$$x^2+xy-2y=64$$$$y=\frac{64-x^2}{x-2}$$$$y=-x-2+\frac{60}{x-2}$$This means, $x-2$ is a divisor of $60$. This gives $$x-2=1,2,3,4,5,6,10,12,15,20,30,60\implies x=3,4,5,6,7,8,12,14,17,22,32,62$$Checking each of these one by one, the only positive integer solutions are $$\boxed{(x,y)=(3,55),(4,24),(5,13),(6,7)}$$

Suppose there exists positive integers $x$ and $y$ and nonnegative integer $k$, $$x^2+xy-2y=k^2$$and $x+y+2$ is prime.

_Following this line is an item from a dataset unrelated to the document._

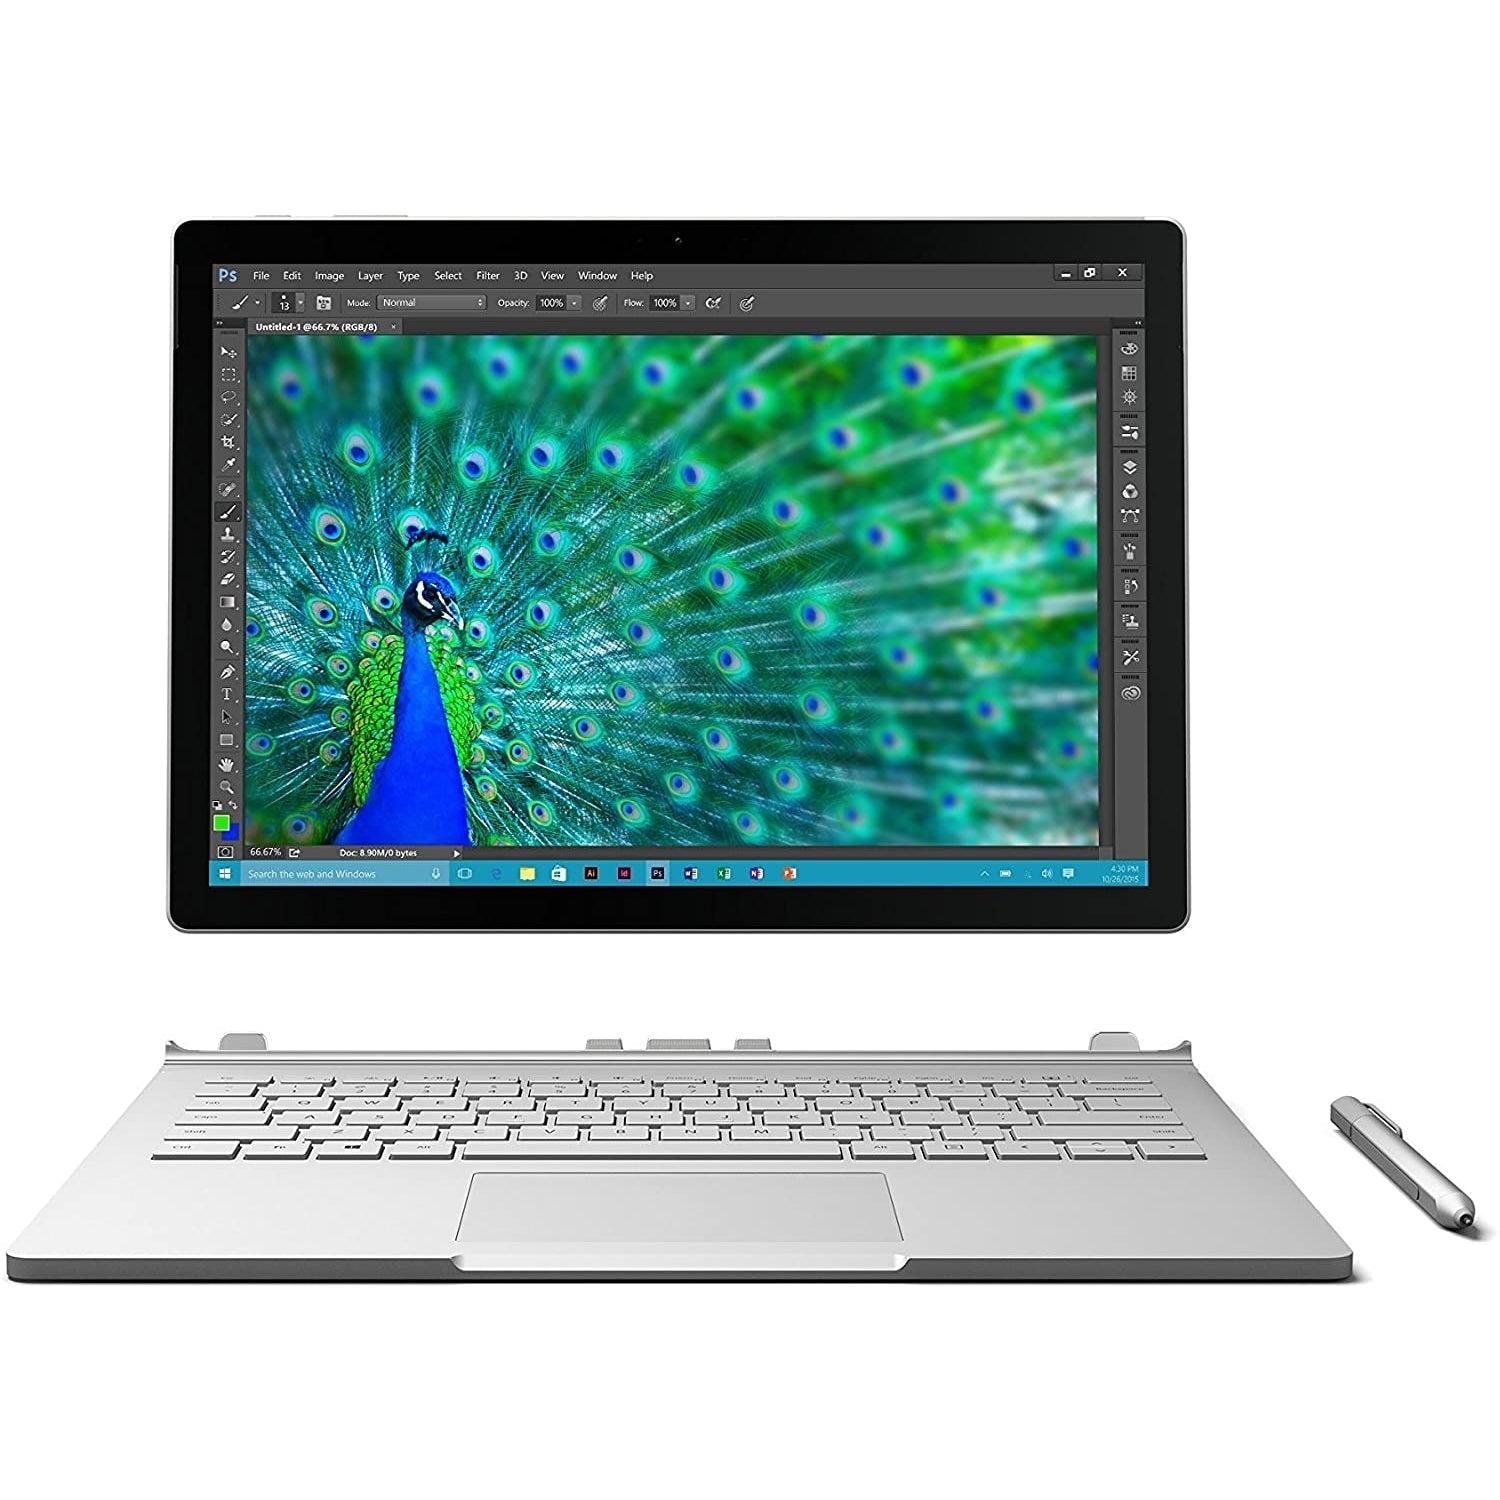 Microsoft Surface Book 13.5", Intel Core i5, 8GB RAM, 256GB SSD, Silver

Case I. $k\le2$. Since $x>2$, this meanss $$xy-2y=k^2-x^2\le0$$Therefore, $y(x-2)\le0$. This is a contradiction, because we know that $y>0$ and $x>2$. Therefore, $k\le2$ cannot happen. Case II. $k>2$. We have: $$x^2+xy-2y=k^2\implies y=\frac{k^2-x^2}{x-2}\implies x+y+2=\frac{k^2-4}{x-2}\implies x+y+2=\frac{(k+2)(k-2)}{x-2}$$Since $\frac{(k+2)(k-2)}{x-2}$ must be a prime number, then either $k-2\mid x-2$ or $k+2\mid x-2$. This means, $k-2\le x-2\implies k\le x$ However, we know that $x>2$, so $x^2+xy-2y>x^2\implies k^2>x^2\implies k>x$. This is a contradiction. Therefore, there does not exist $(x,y,k)$ which make $x+y+2$ prime. Hence, $x+y+2$ must be composite.